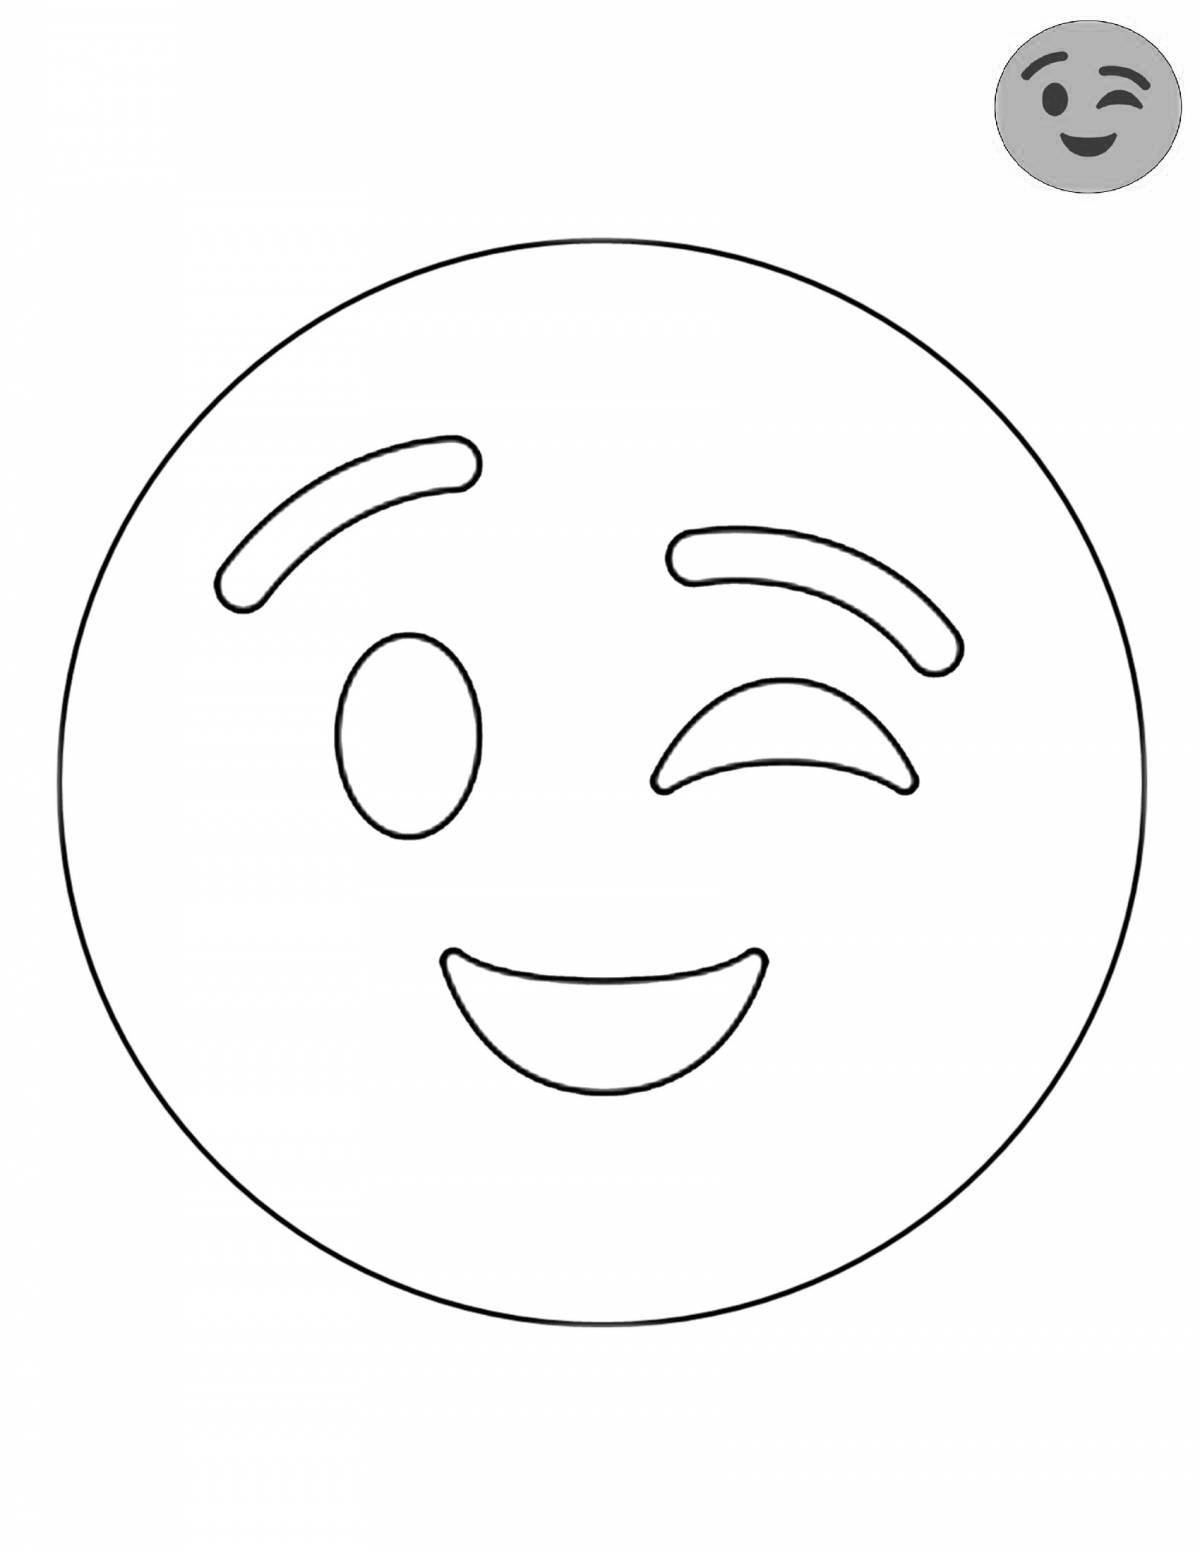 Emoji live coloring page
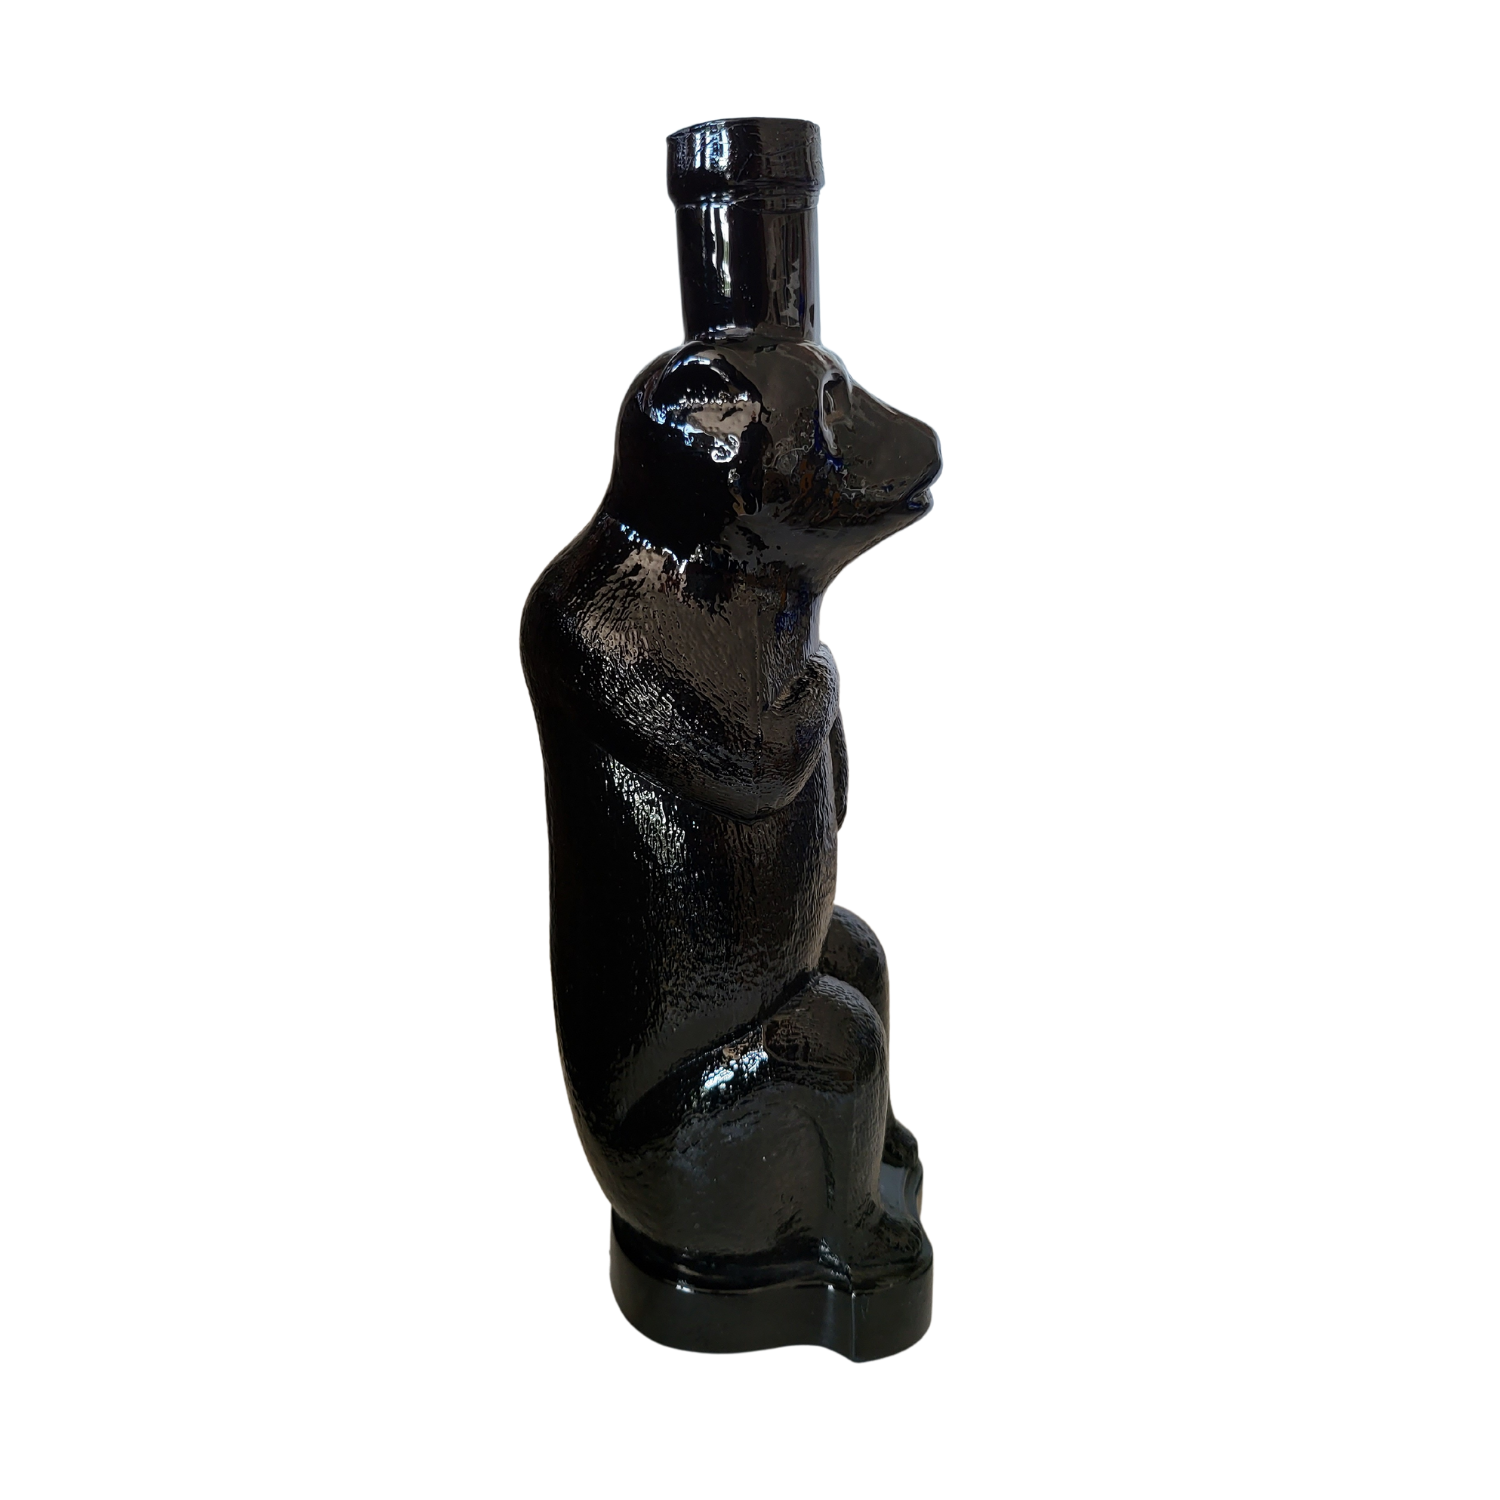 Antique Black Amethyst Kummel Bottle - 1890's
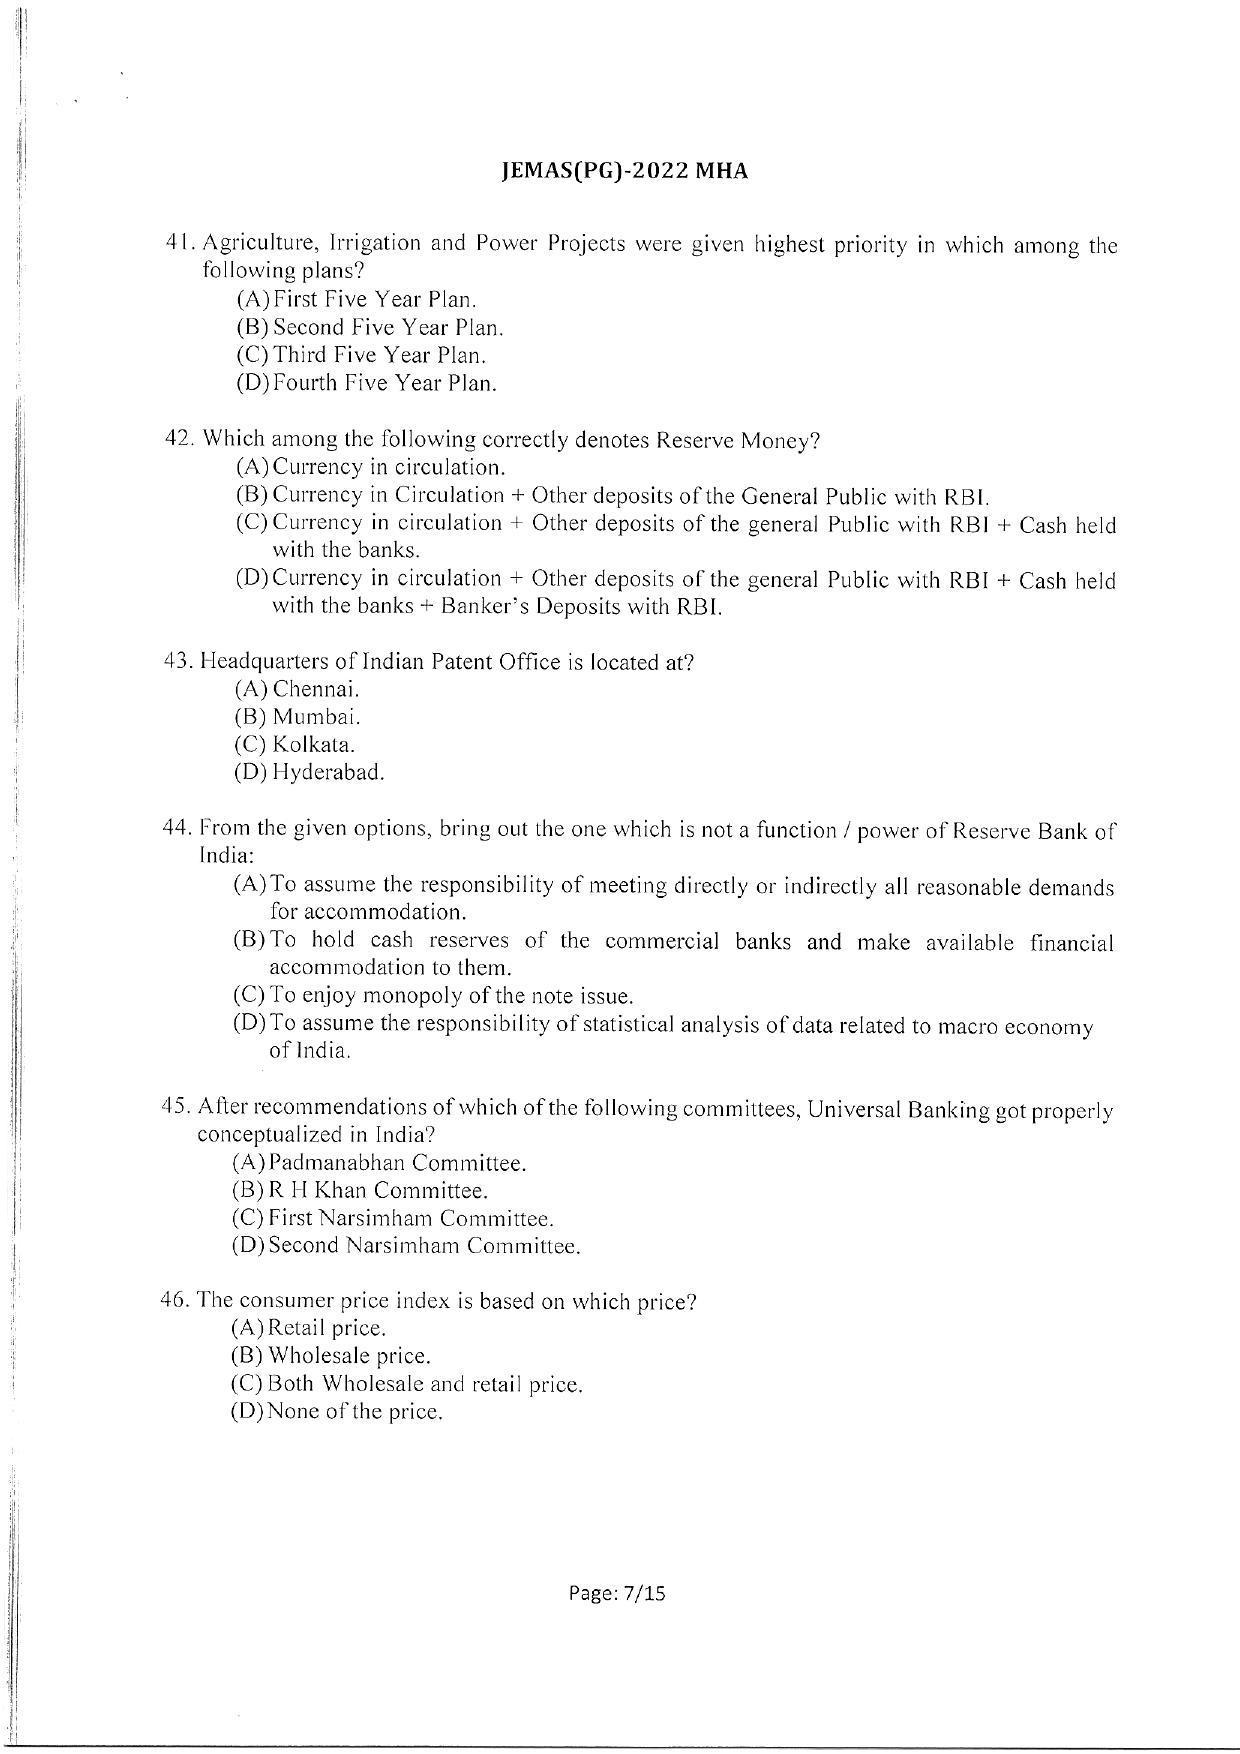 WBJEEB JEMAS (PG) 2022 MHA Question Paper - Page 9

Task goal:
Write out the data above in full and exactly, but without the pictures.

Result for this task:
 Emoji live coloring page
 Antique Black Amethyst Kummel Bottle - 1890's
 WBJEEB JEMAS (PG) 2022 MHA Question Paper - Page 9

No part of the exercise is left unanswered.